Not-quite dhaba style Indian Kadai Paneer. This is my take on the very popular kadai paneer recipe made with a rich tomato sauce and coriander seeds. This is an epic Indian comfort food recipe that is irresistible.
Every time I go to an Indian restaurant, I have to order either paneer makhani or kadai paneer. Its my favorite recipe in Indian restaurant and I judge the restaurant solely based on how they make it
I am a paneer aficionado and can never get enough of it! Its one of those ingredients that only makes a recipe better. It adds a layer of comfort food that no other ingredient can add.
What is “Kadai”
Kadai means “wok” or “pan”. Its used in so many recipes from breakfast to dinner and everything in between. It is the single most important kitchen utensil in an Indian household.
Infact, its so important that its passed down from mother to daughter for generations. There are some kadais that have been in a family for over 5 generations.
The good ones are sturdy in build and do not stain easily.
We had a stainless steel kadai growing up and it still works like the first day it was put into circulation. Most Indian kadais are low maintenance and stores easily.
Is it “Kadai”, “Karai”, “Kadhai” or “Karahi”?
The general accepted spelling and pronunciation is “Kadai” (kuh-dye). However, different parts of India and different dialects write or pronounce it differently
“Kadai” is Hindi word for it which is the national language of India. In my home, we pronounce it closer to “Karai”
The pronunciations and spellings of it are as different as there are paneer recipes. Pick the name you are most comfortable. Bottom line is that there is no wrong way to say it
What is the difference between Kadai Paneer and Shahi Paneer?
Kadai paneer tends to be on the drier side where as shahi paneer is in a gravy form. Kadai paneer usually has bell peppers and onions visible alongside the paneer.
Shahi paneer (also known as paneer makhani or butter paneer) is made with a thick tomato sauce with very few other ingredients. P/S: “Makhani” is Hindi for “Butter”. Pretty cool, right?
Shahi paneer is served as the main course in restaurants. However, in some restaurants, kadai paneer is served as an appetizer with papad.
Hey, talking about papad, have you tried my masala papad recipe? Its a delicious appetizer that takes a dull papad to a colorful and delicious level
The Evolution of Kadai
So, at the risk of dating myself, I have seen kadai go from simple clay pans to the modern scientifically engineered woks they have become.
Vintage Aluminum Kadai
In my childhood, we had the very earthen kadai or the aluminum kadai which looked something like this one. If you are feeling nostalgic like me, you can buy it from (affiliate link) Amazon.

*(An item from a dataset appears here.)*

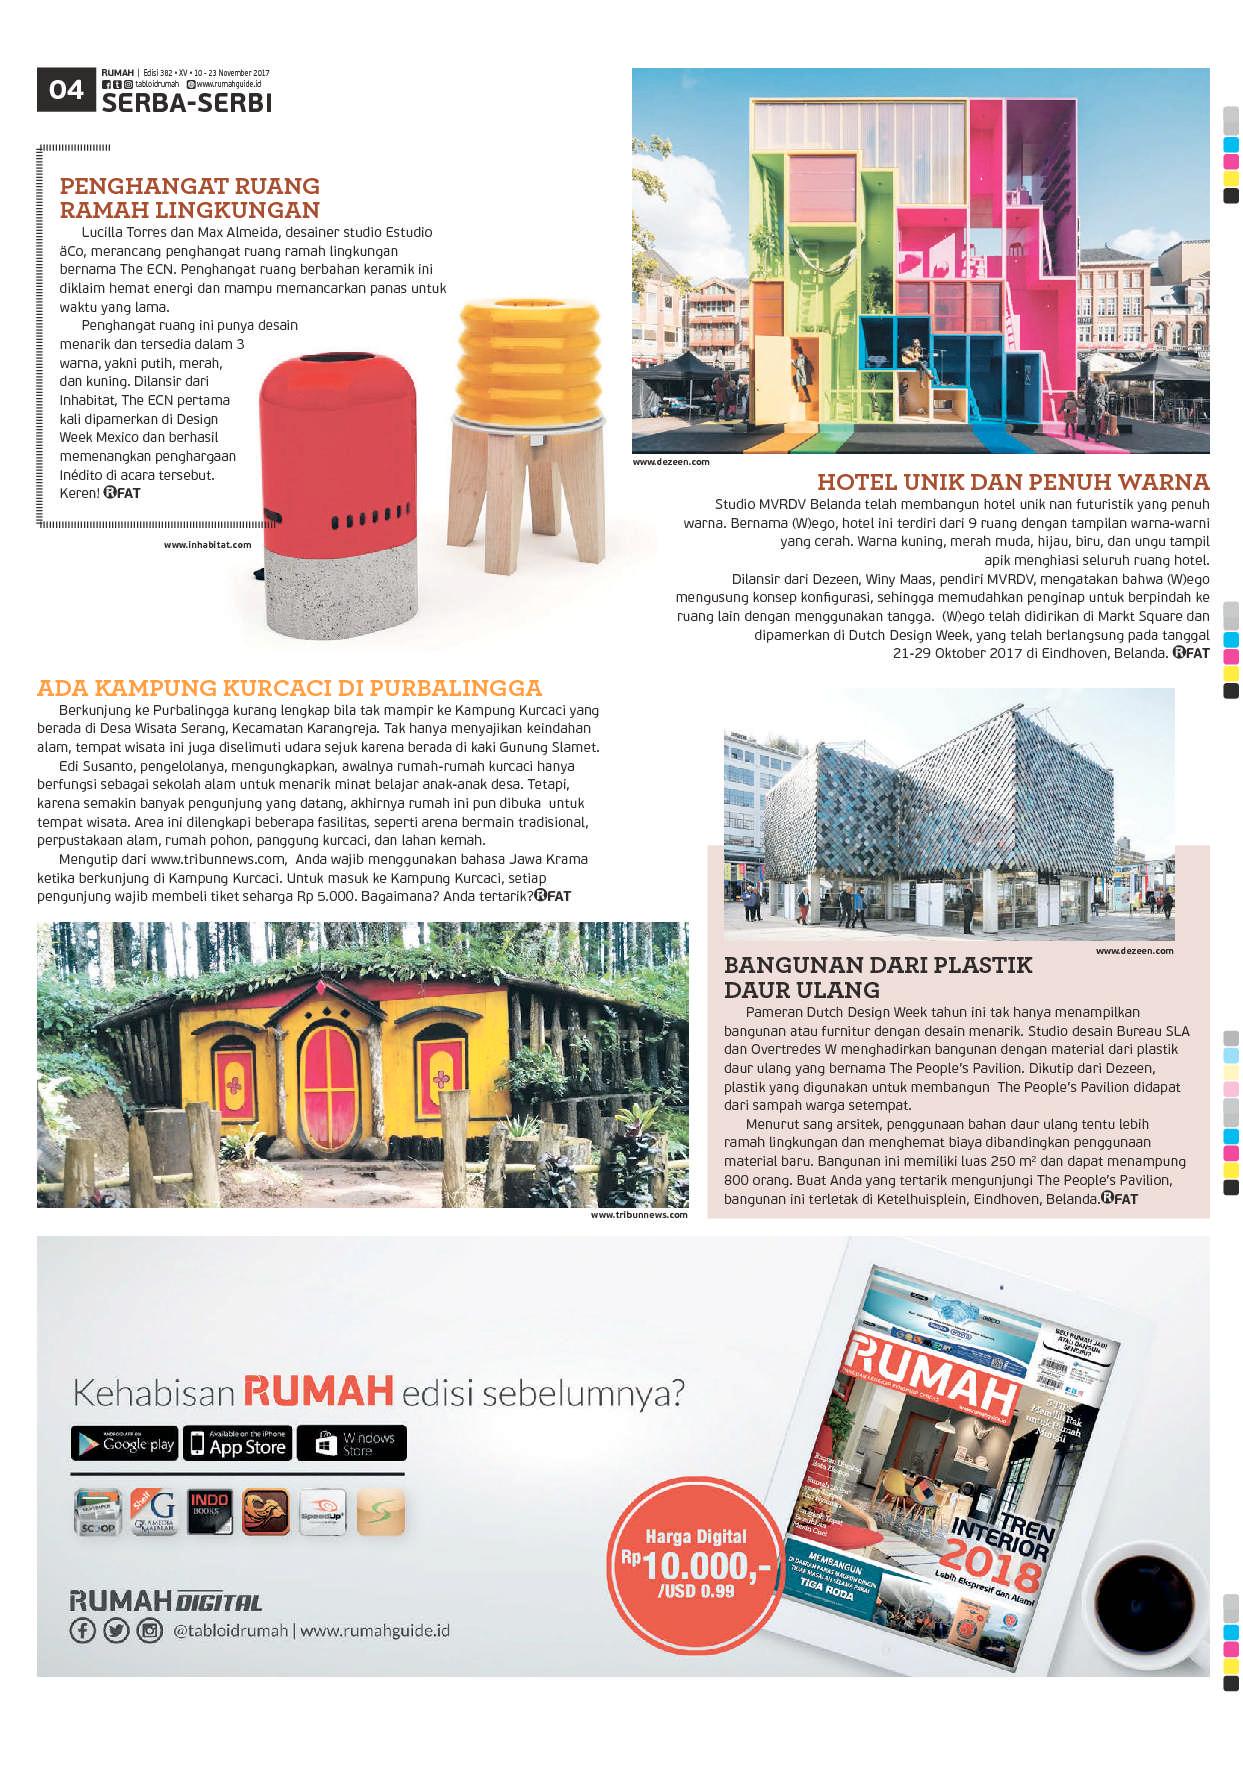 Jual majalah tabloid rumah ed 382 2017 gramedia digital indonesia
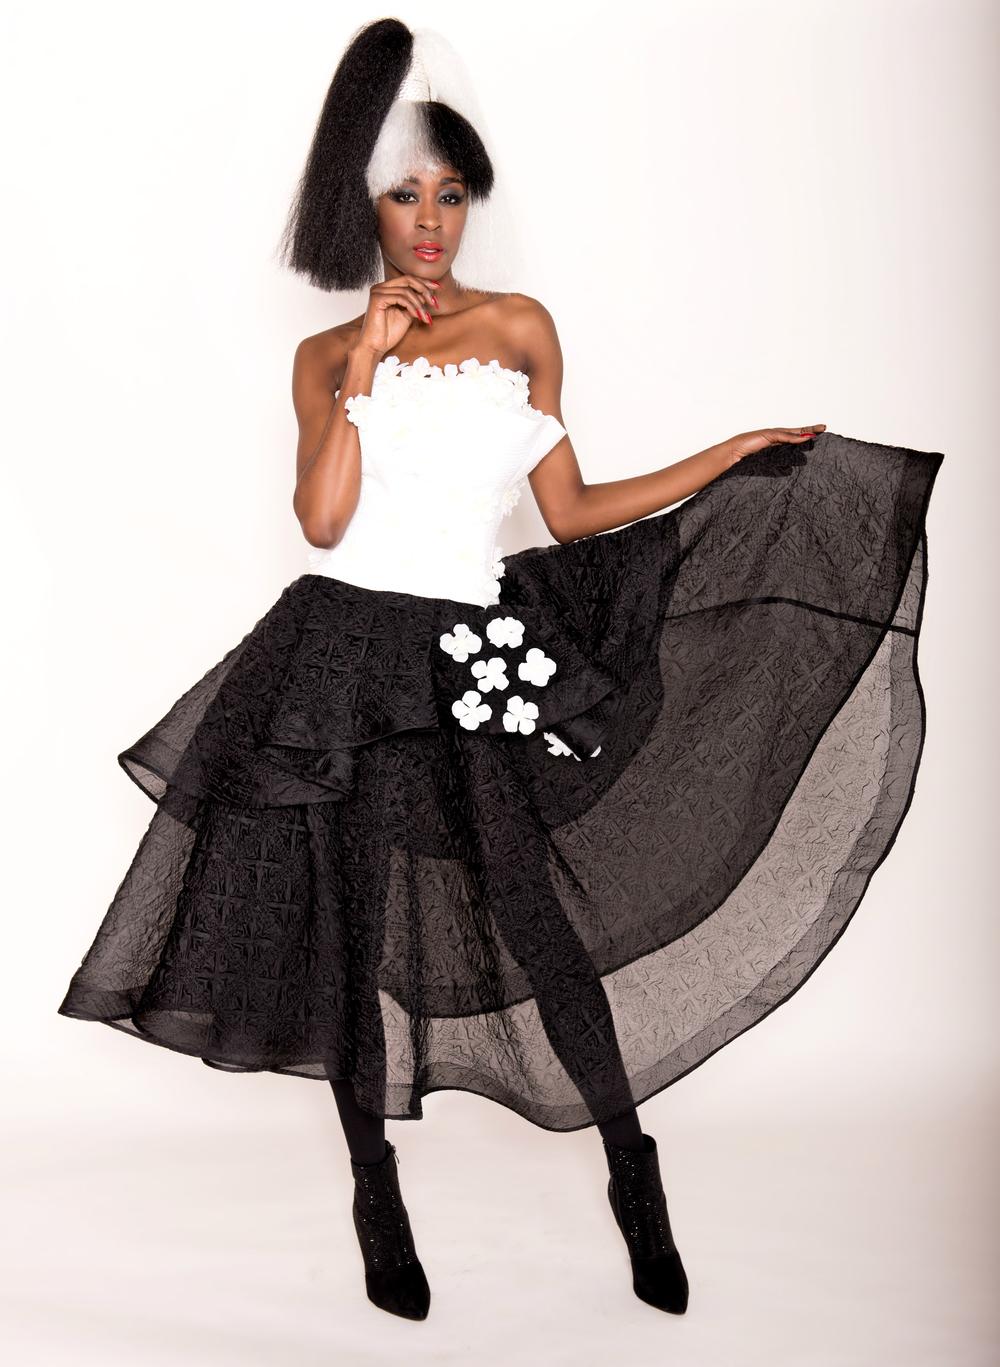 nine-gleyzer-designer-dress-7.jpg

It is one of the best ways to cook vegetables because it cooks them evenly. We used to make samosa stuffing in this kadai and it was delicious.
Modern Aluminium Kadai
This kadai looks good, doesn’t it? It does a great job too and it cooks evenly. What I like about it is that it is really to toss the ingredients. I love tossing veggies in this kadai. Available for purchase at (affiliate link) Amazon.
Vintage Clay Kadai / Tawa
So, I scoured the internet, but, I can’t find the clay kadai that I grew up using. This kadai is as close to it as I can get. Clay pots are hard to clean and they break easily. But, when it comes to cooking rotis or other flatbreads, there is no better kitchen gadget. The flatbreads fluff up evenly!
Modern Clay kadai / tawa
Check out how great this (affiliate link) modern clay kadai!! Its perfect in every way and it was very carefully engineered!
This is my favorite kadai
I have used this for a few years only, but, its my favorite way to cook anything. You may have seen me use it in many recipes like my vegan pot pie recipe.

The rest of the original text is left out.